Il peut être utile de se préparer et de s’exercer avant de s’adresser aux membres de son équipe. Ceux-ci seront mieux disposés à écouter si on adopte une attitude impartiale, désintéressée et flexible. En dévoilant nos propres sentiments et nos idées par rapport à la situation, on confirme l’importance du problème. En outre, en partageant ce qu’on est disposé à faire en échange de leur collaboration, on encourage la réciprocité. L’empathie, ce mode de connaissance intuitive d’autrui, est ici un gage d’échange réussi : pour être compris des autres, il faut être capable de les comprendre soi-même.

L’empathie, qu’on définit comme l’aptitude que nous posséderions tous naturellement à mettre entre parenthèses notre propre jugement pour comprendre l’autre dans son intégrité, s’érode sous l’effet de l’égocentrisme et de l’individualisme. Pour être empathique, il faut savoir mettre de côté tout à-priori et décentrer sa perception pour saisir le sens et la valeur de ce que les autres nous communiquent. Cela suppose que nous avons de la considération pour eux et que nous sommes maîtres de nous-mêmes.

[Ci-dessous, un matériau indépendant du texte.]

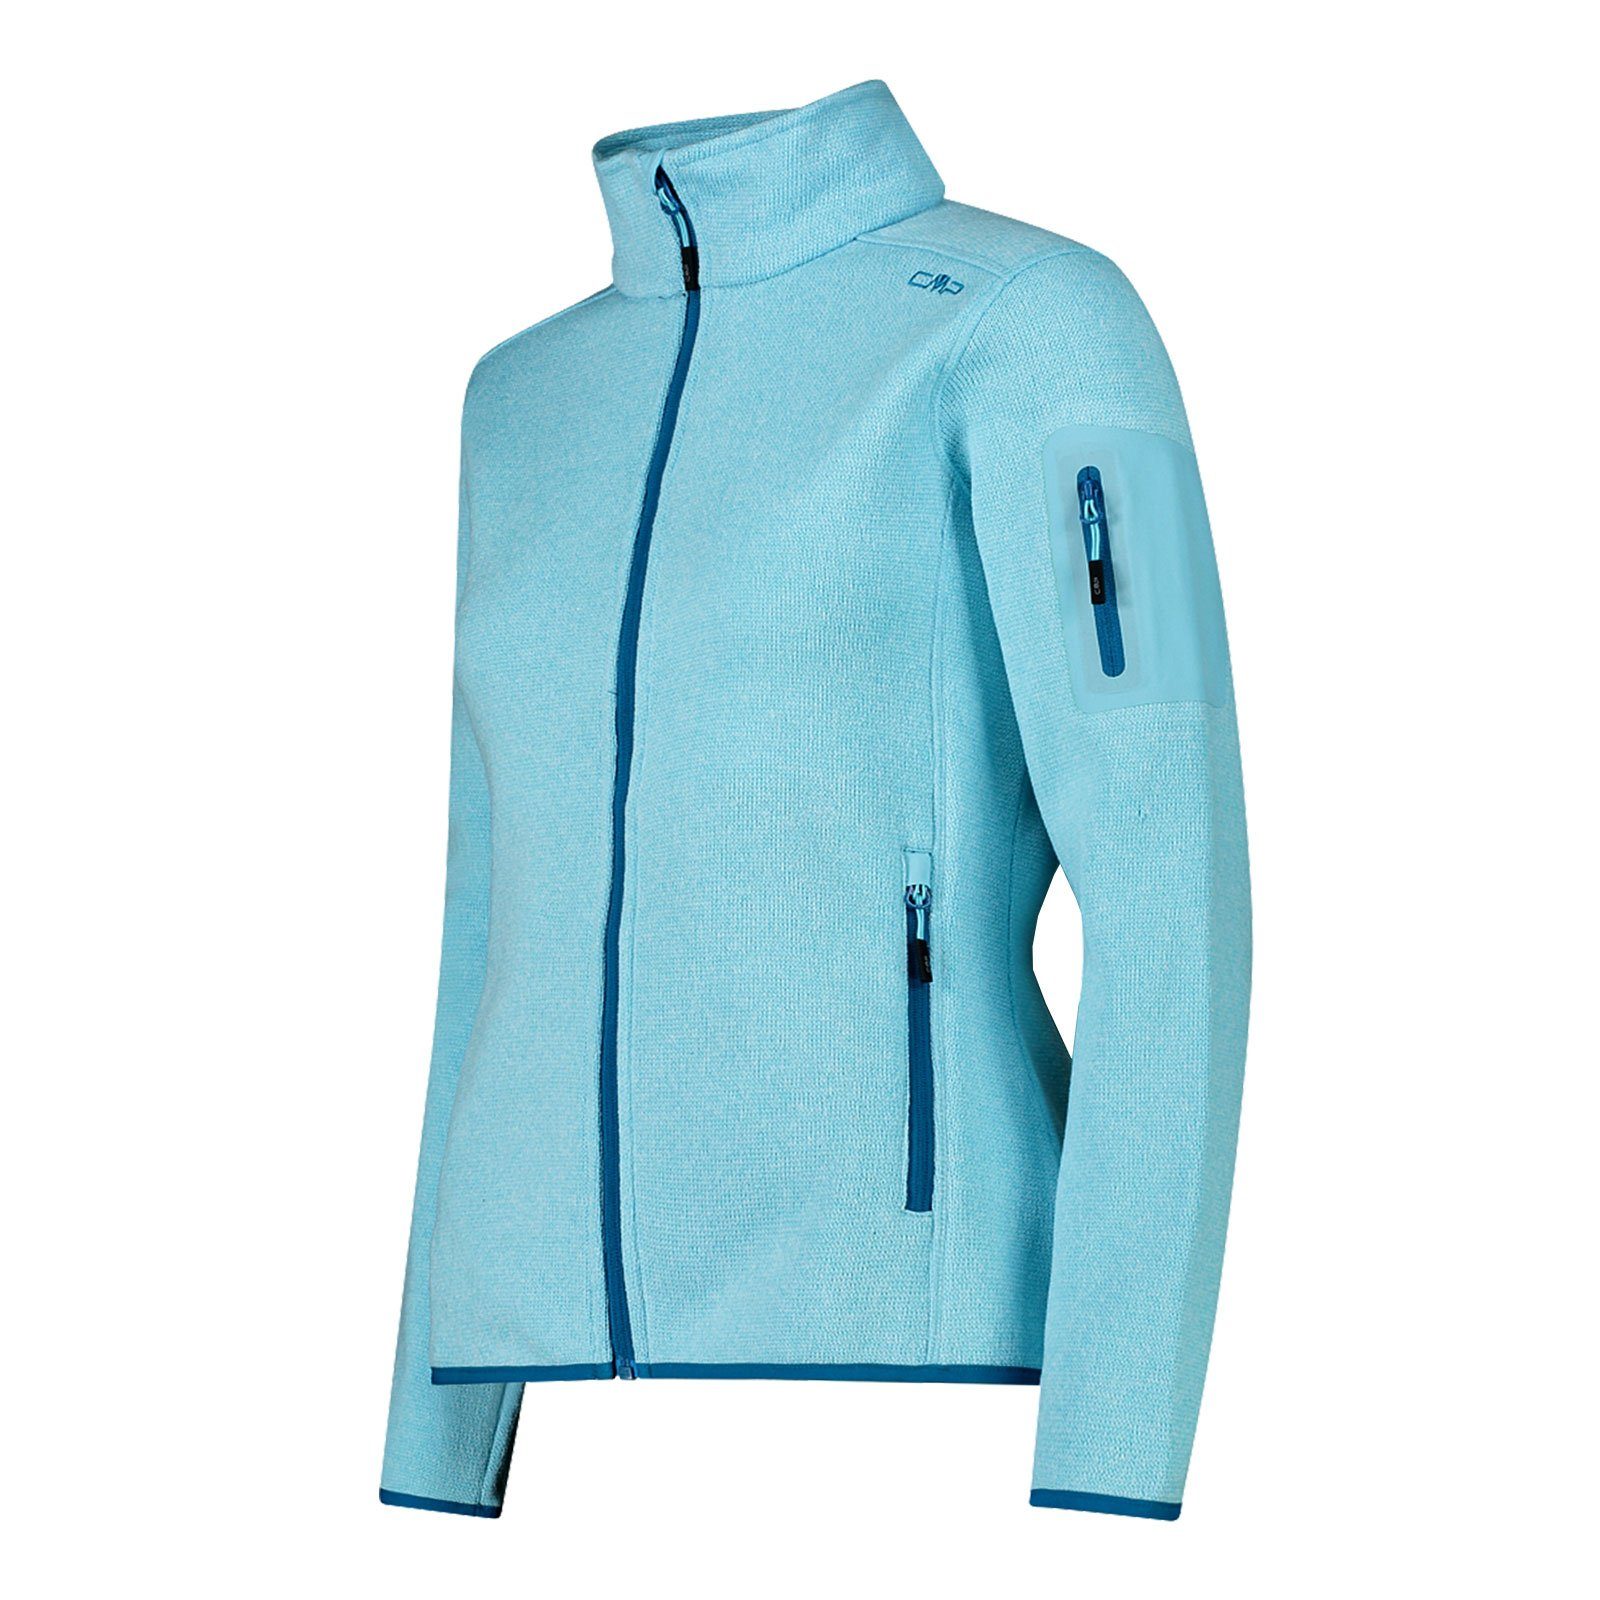 CMP Fleecejacke Woman Jacket aus Knit Material / Tech™ besonders giada anice 3H14746-10LP

Un chef lui-même empathique contribuera au développement et au maintien de l’harmonie nécessaire à la collaboration. En encourageant ses coéquipiers à s’affirmer lorsqu’ils le jugeront opportun, il protégera leur intégrité personnelle. Terreau fertile à une vraie collaboration, le climat de confiance, une fois installé, fera en sorte que les membres se sentiront libres de s’exprimer de manière authentique.